For the next few years I infiltrated drug cartels, assassinated rock stars, and impersonated Ronald Reagan on several occasions. All the while a short Chinese woman attended school in my stead and even ran my business. I think Twee suspected the ruse (I certainly hope so, since he ended up marrying my imposter) but otherwise it was seamless, and I graduated with a degree and little else from Rutgers University. At this point in my young life I yearned to once more see the Somers ancestral home, where for twenty-five years my family had barely set foot. I yearned to begin the laborious task of making a name for myself. I yearned, mostly, to stop working nine to five.

And so, I decided to leave the CIA. By force, if need be.

 

Part Three: Wherein I fake my own death and start a new life as Per Lyutefisk, Esquire.

 

Leaving the CIA turned out to be easier than expected, mainly because they were convinced that breaking your dark oaths to the Agency would result in some instantaneous punishment from the nether spirit world they secretly served. Through some patient and circumspect conversations with my fellow agents (over mugs of blisteringly caffeinated coffee and unfiltered Marlboro TarLungs (not for public sale; the government confiscated millions of cartons of the things back in the fifties)) I discovered that slipping away from the Agency was as easy as changing your name and taking a long lunch (say, forty years). If they never heard of you again, they assumed that a pride of Jackals showed up at your door and tore you limb from limb for betraying your oaths.

I did have a run-in with a pride of Jackals a few nights into my extended lunch, in the parking lot of a Motel 6, but I fed them some Slim Jims I had in my pockets and they went quietly on their way.

The name I chose for myself was Per Lyutefisk. You have to understand that I had to choose a name that was not in the CIA computers, in order to avoid inconsistencies in the records that would lead them to me. While there are some forty thousand unfortunate men named “Per” in this world (explaining, I think, the higher suicide rates in the Nordic lands) none of them have ever had the last name “Lyutefisk”. I was home free. I set up shop as a Manicurist in Amsterdam and looked forward to living off the Swiss bank accounts I’d formed with the Contra money the CIA has lying around in Warehouse Six in Area 51 (just bags and bags of money left over from the Reagan years, forgotten by the Gipper and by just about everyone else, except sticky-fingered recruits like myself).
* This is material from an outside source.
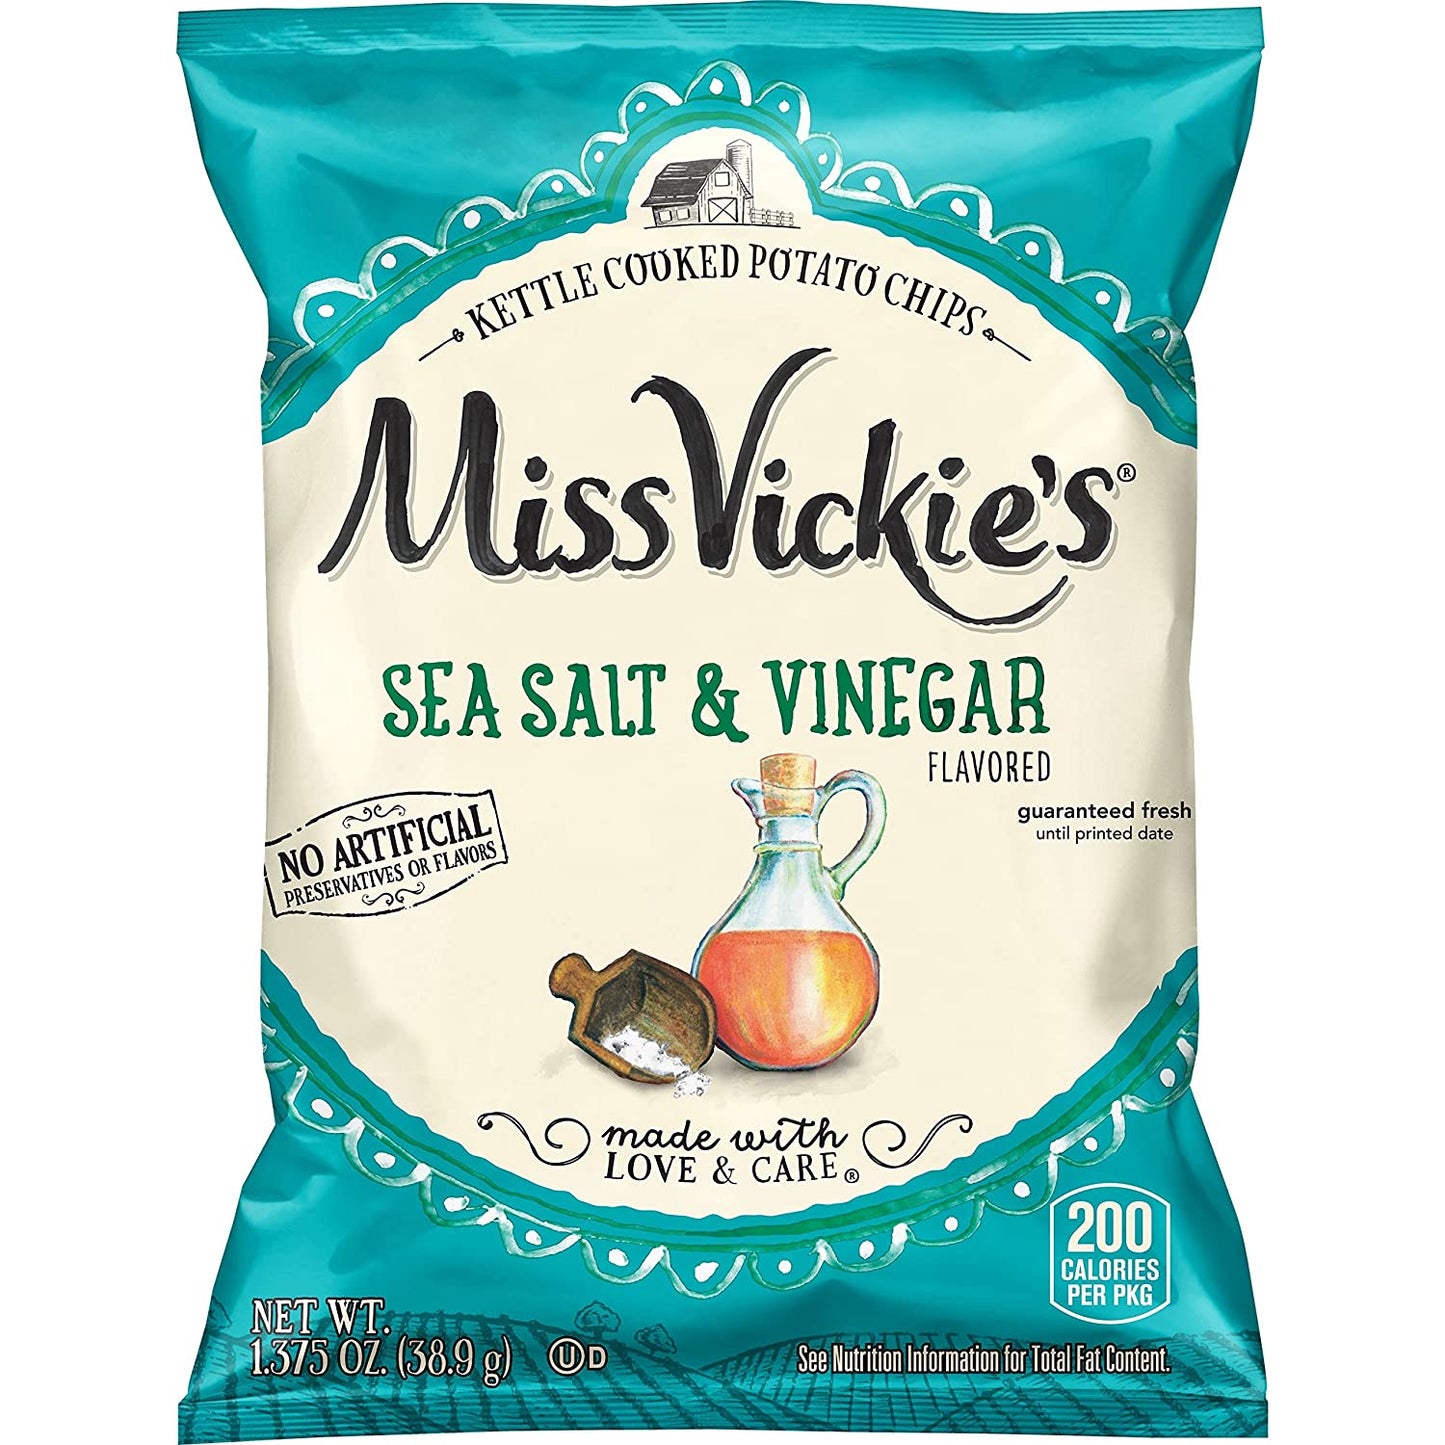 miss vickie's flavored potato chips, salt & vinegar

I buffed and polished and hummed Beatles tunes and thought I might drink myself into an early, peaceful grave there. I began reading poetry at the various coffeehouses (until they barred me forever in 1994 after my reading of “101 Silent Poems” caused a riot in downtown Amsterdam) and became quite famous for a while, as far as obscure Nordic poets/manicurists can be famous.

My fame ruined this idyllic life, alas; a poem of mine called George Bush Eats the Big One (which made subtle reference to the former Chief of the CIA and several top secret Druidic rituals the Agency performed every Halloween) was published in the United States and became something of a hit amongst the expatriate Nordic population of New York, selling almost six copies in November of ‘95. Sadly, one of these copies was purchased by my former coworkers, as the CIA keeps close watch on anything which mentions them by name. They recognized the hand of a former agent in the details of the work, and quickly ascertained that I was alive, and writing bad poetry to boot. I think they might have let me alone, if my poems were not the stuff of torture.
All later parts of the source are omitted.